CloudWatch Logs has no ingestion rate limits. Using it is a real financial risk. Misbehaving servers can quickly generate huge AWS charges, up to $74,000 per day per account. Even 12 servers could produce $4320 in charges just over a weekend.
Also the CloudWatch Logs console is unusable for even simple tasks.
Datadog and its competitors have ingestion rate limits, but they are overall quite expensive. Self-hosted log analysis tools are exceedingly complex to set up and maintain: ElasticSearch + Kibana, Grafana + Loki.

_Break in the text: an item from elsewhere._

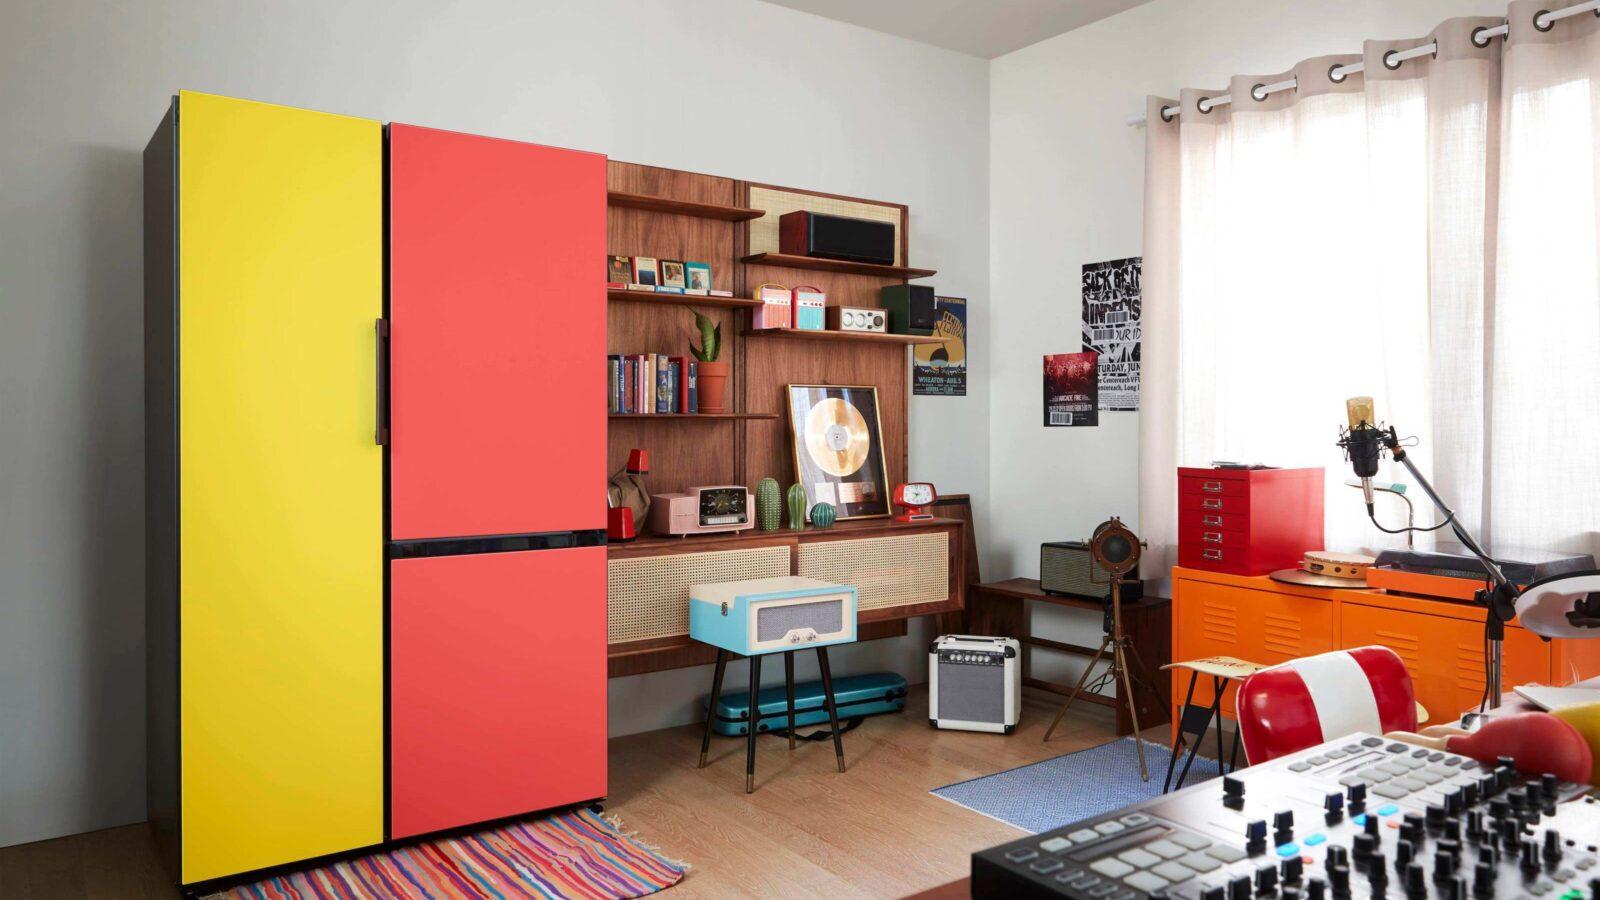 Samsung BESPOKE refrigerators

just curious (and i'll admit i'm biased, am co-founder @ grafana labs), what do you find exceedingly complex about setting up and maintaining grafana + loki? both are single binary, and can be run without any dependencies.
I'm using Terraform to maintain identical staging and prod deployments. Grafana is difficult to deploy statelessly, so this adds yet another Terraform deployment stage:
1. Deploy host running dockerd
2. Deploy Grafana server
3. Configure Grafana server admin password, organizations, users, and passwords.
If Grafana would just support file-based configuration then a whole stage could be eliminated.
"Loki does not come with any included authentication layer. Operators are expected to run an authenticating reverse proxy in front of your services, such as NGINX using basic auth or an OAuth2 proxy."
Unfortunately, this means that any process that can write logs can read all logs. This violates the principle of least privilege, a core part of system security. Prometheus suffers from this, too. To put this into concrete terms: When someone uploads a malicious image through our app which exploits our image resizing server, they will obtain log-writing credentials. Those credentials should not allow them to read all the logs and steal the user data in them. That would be catastrophic for the users and the company.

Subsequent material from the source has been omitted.